** Your assignment **
Give the whole listing below once more, exactly, without pictures.

--- Data Enclosed Below ---

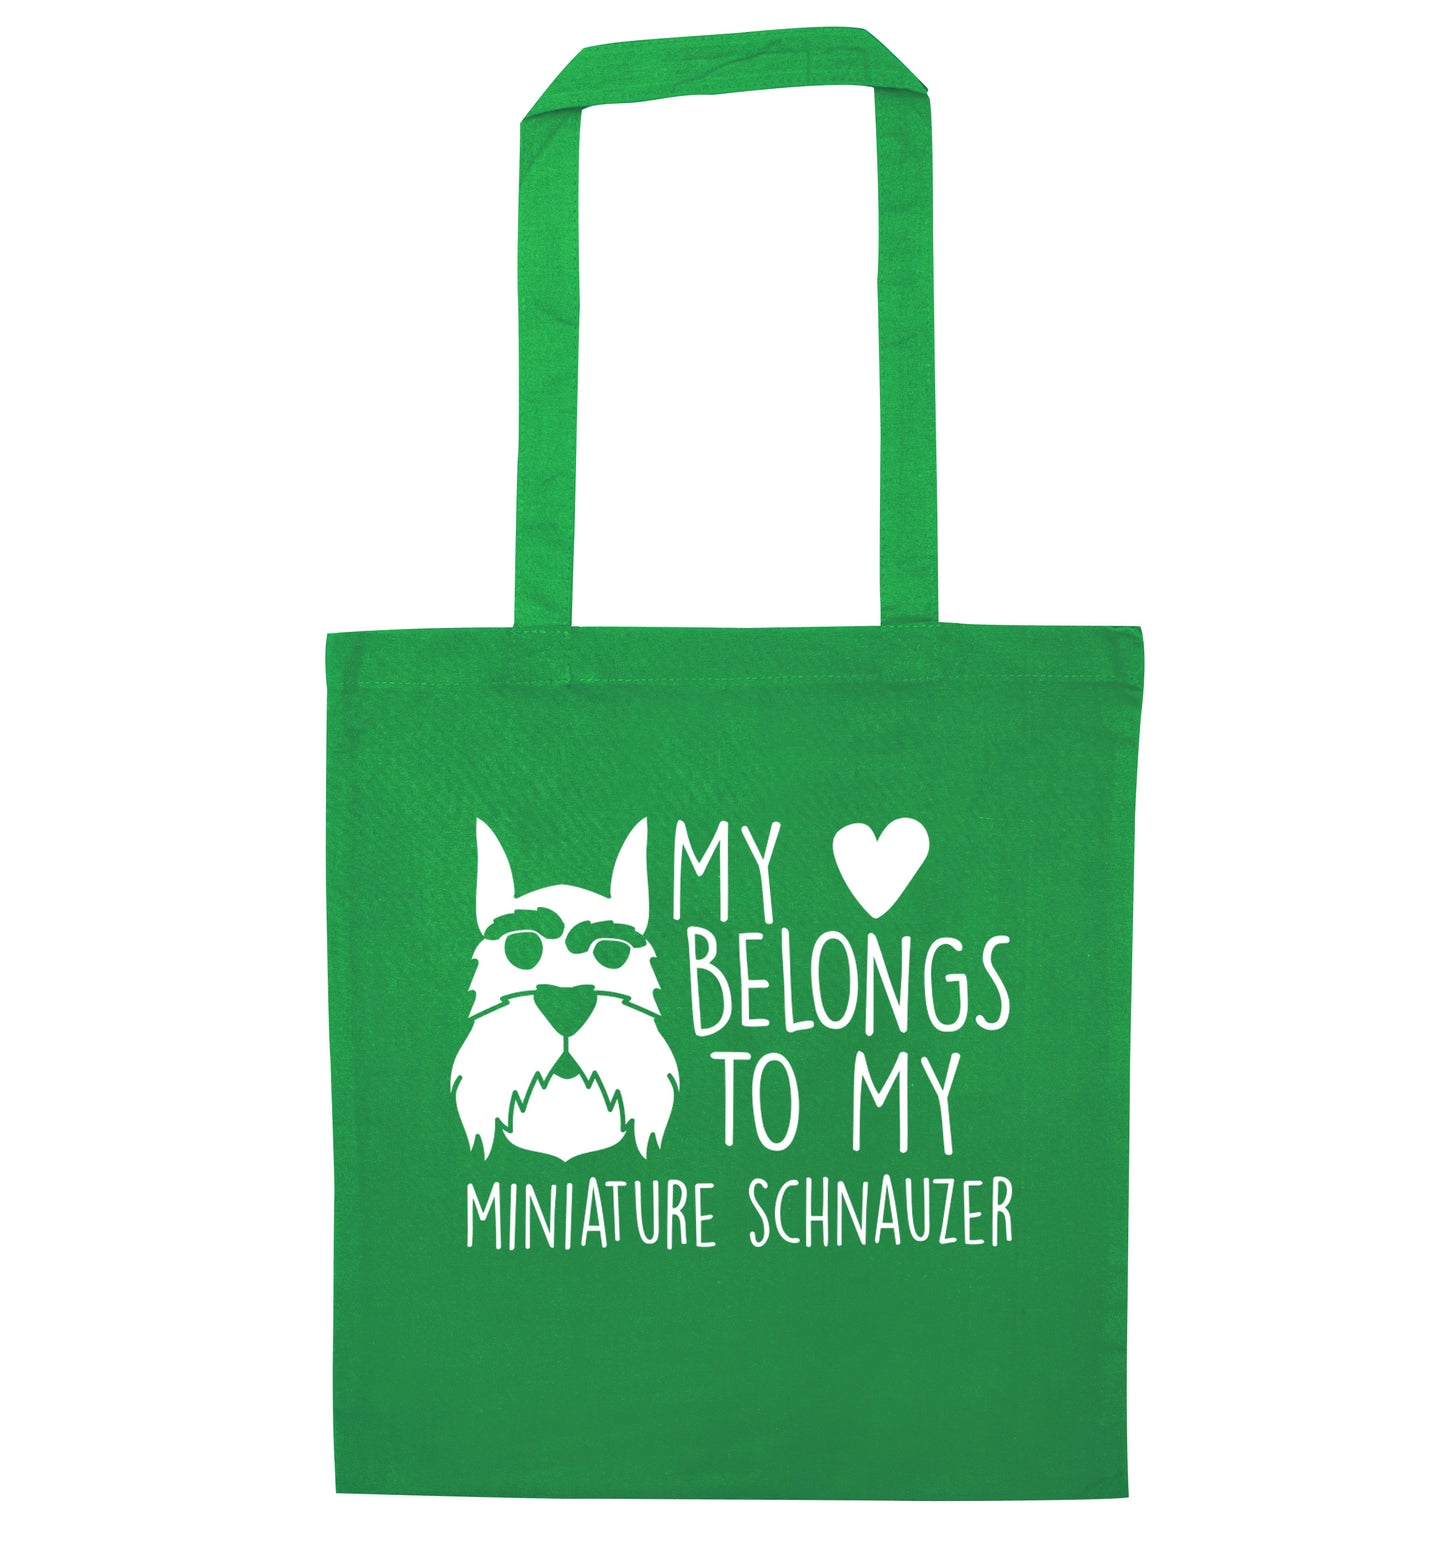 My heart belongs to my miniature schnauzer green tote bag
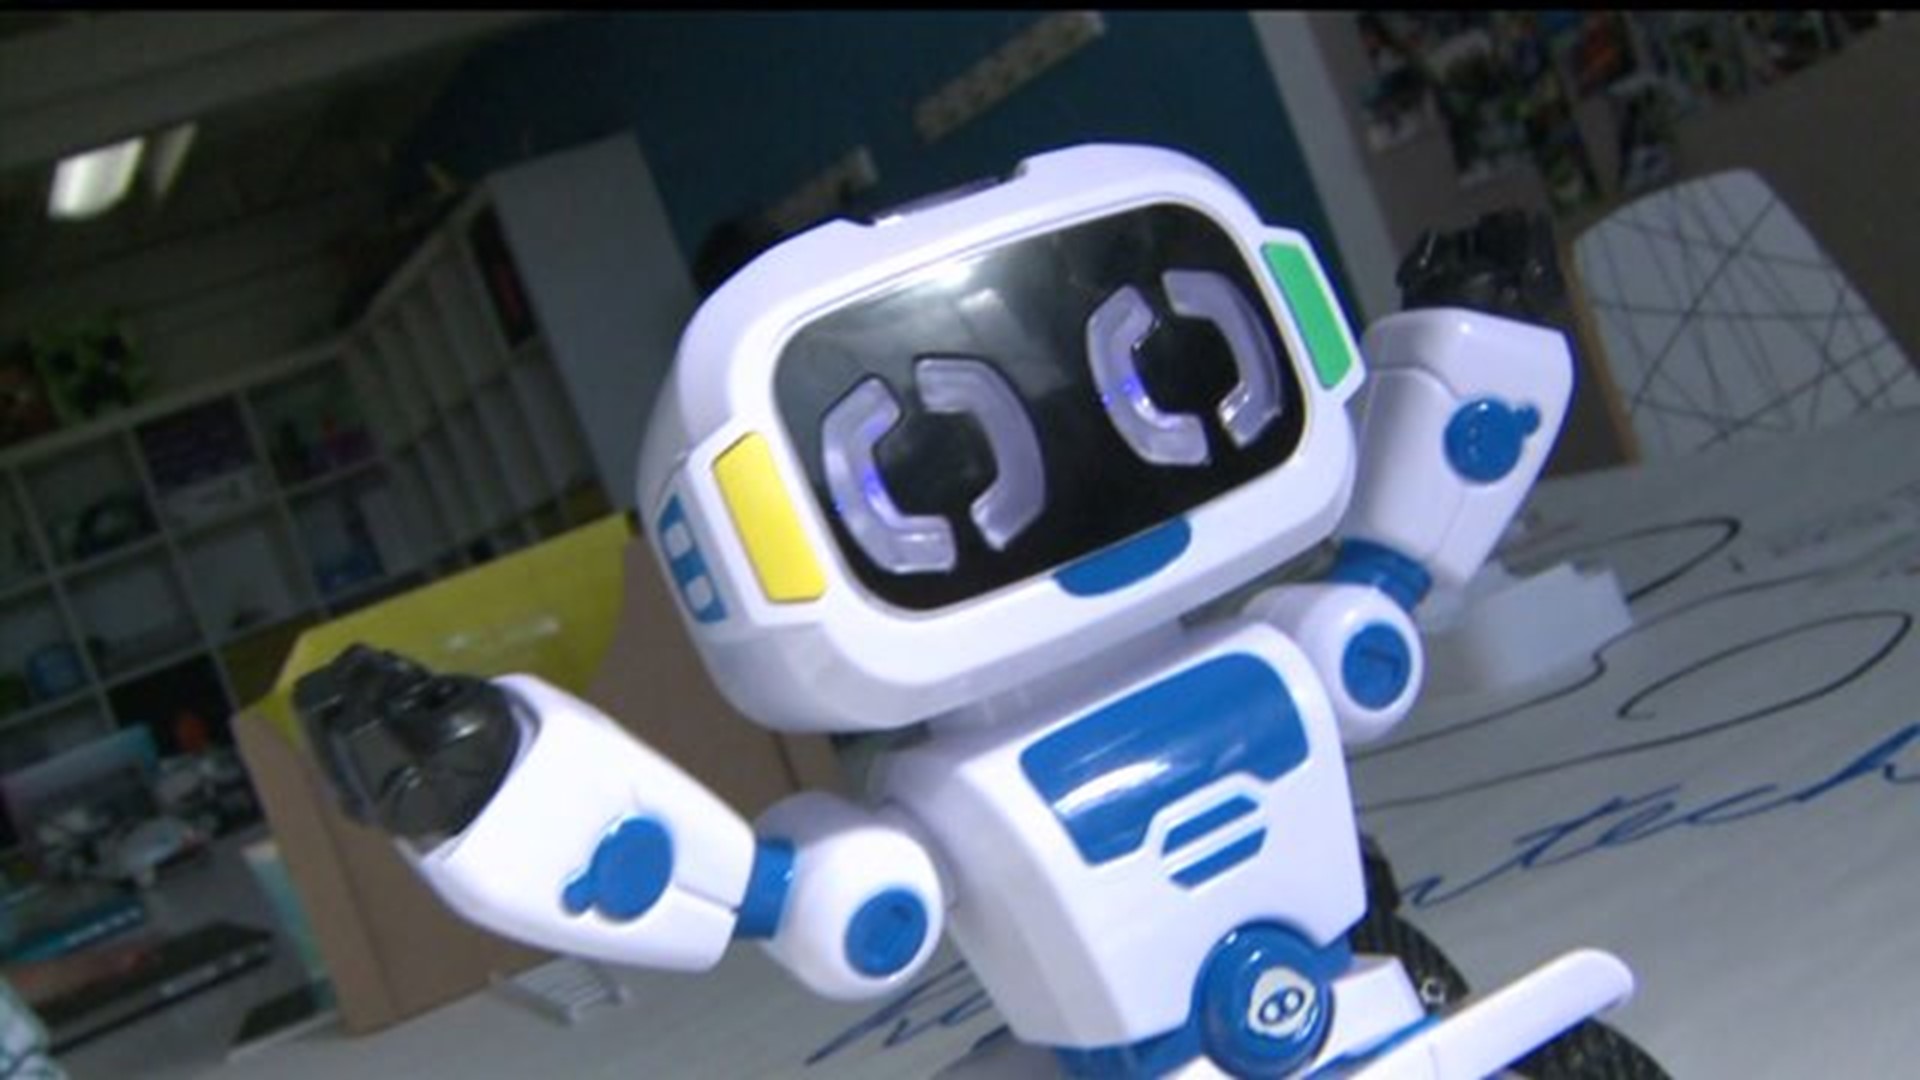 Tech Report: Tech toys for kids
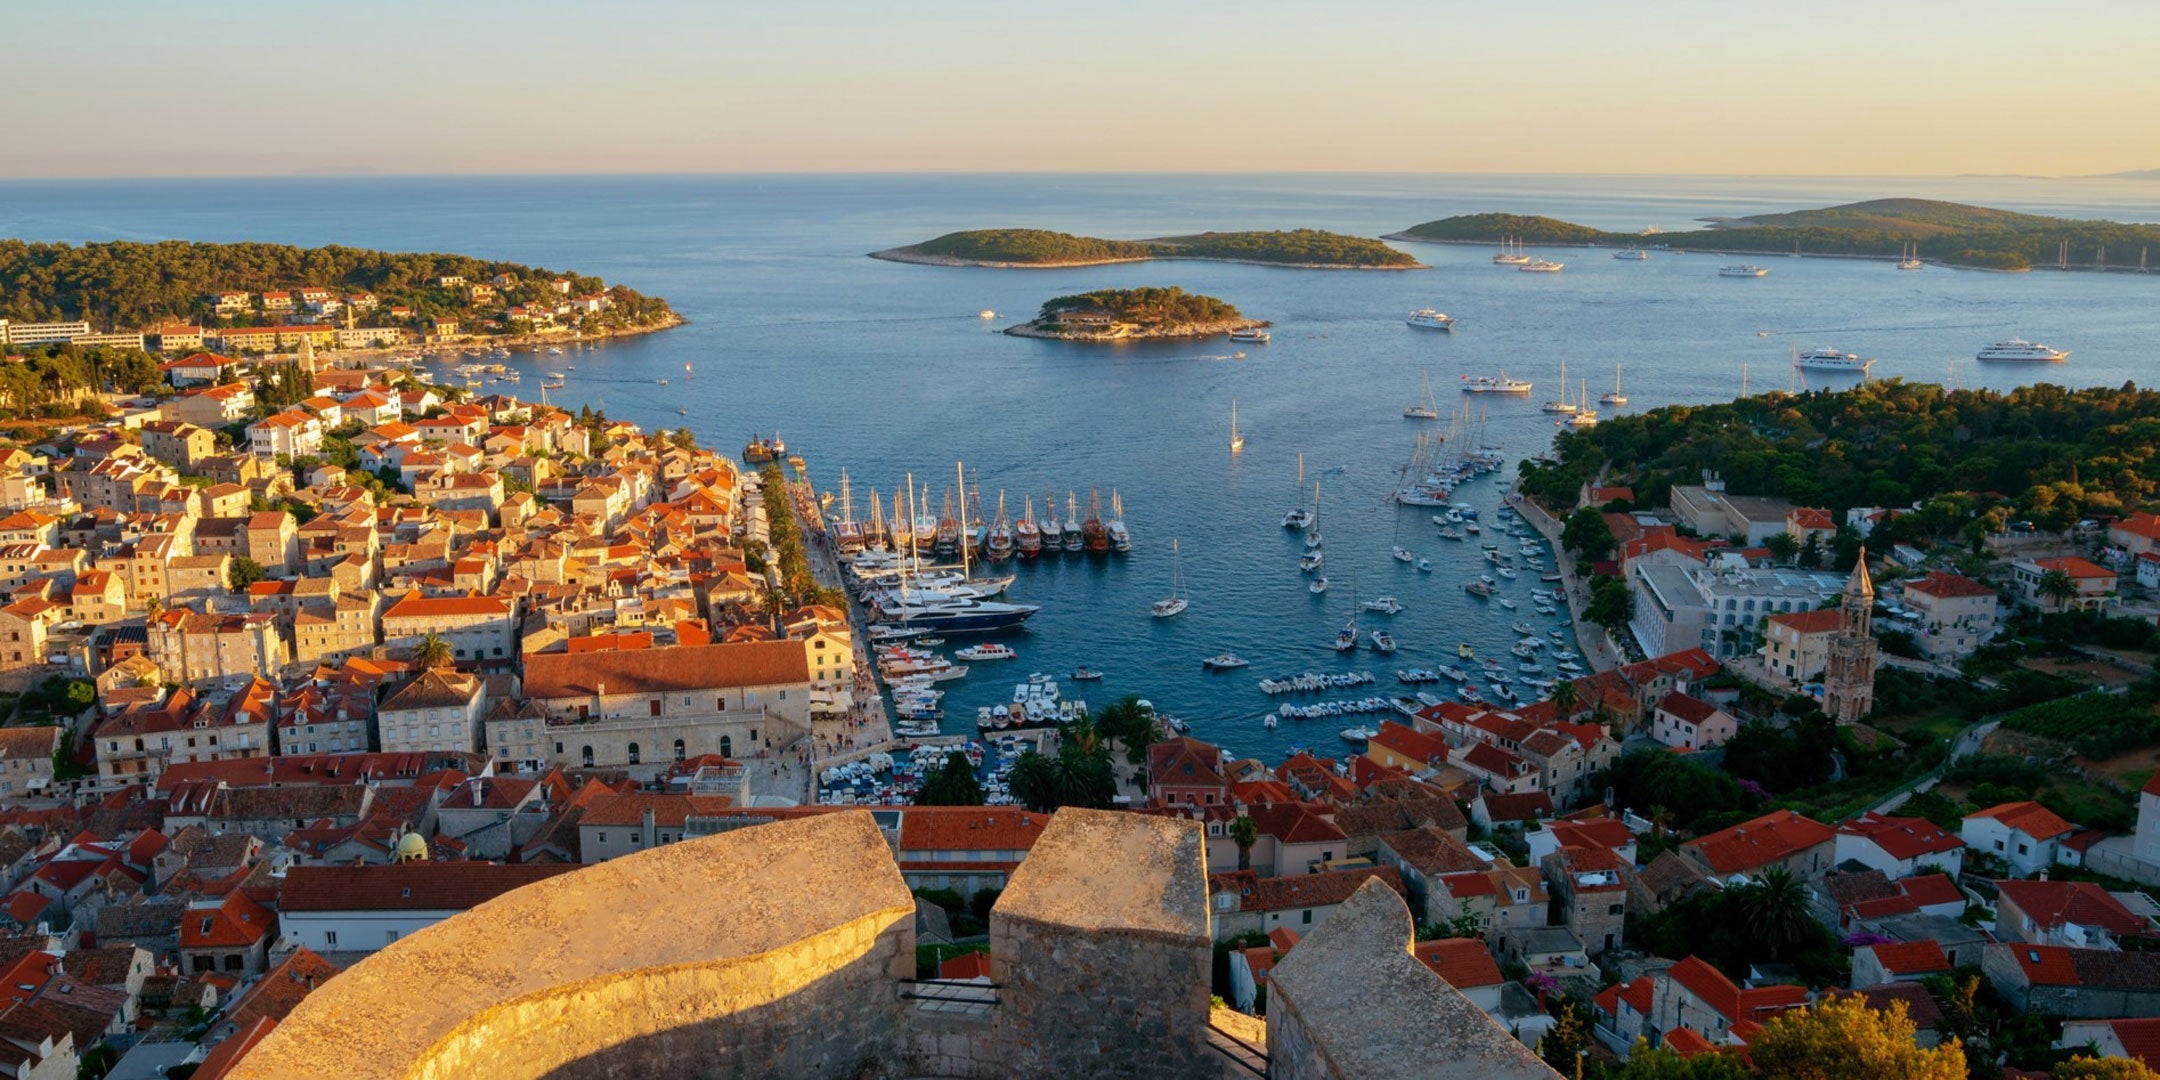 The island of Hvar is located in Dalmatia

--- End of Enclosed Data ---

** Output of the exercise **
 My heart belongs to my miniature schnauzer green tote bag
 Tech Report: Tech toys for kids
 The island of Hvar is located in Dalmatia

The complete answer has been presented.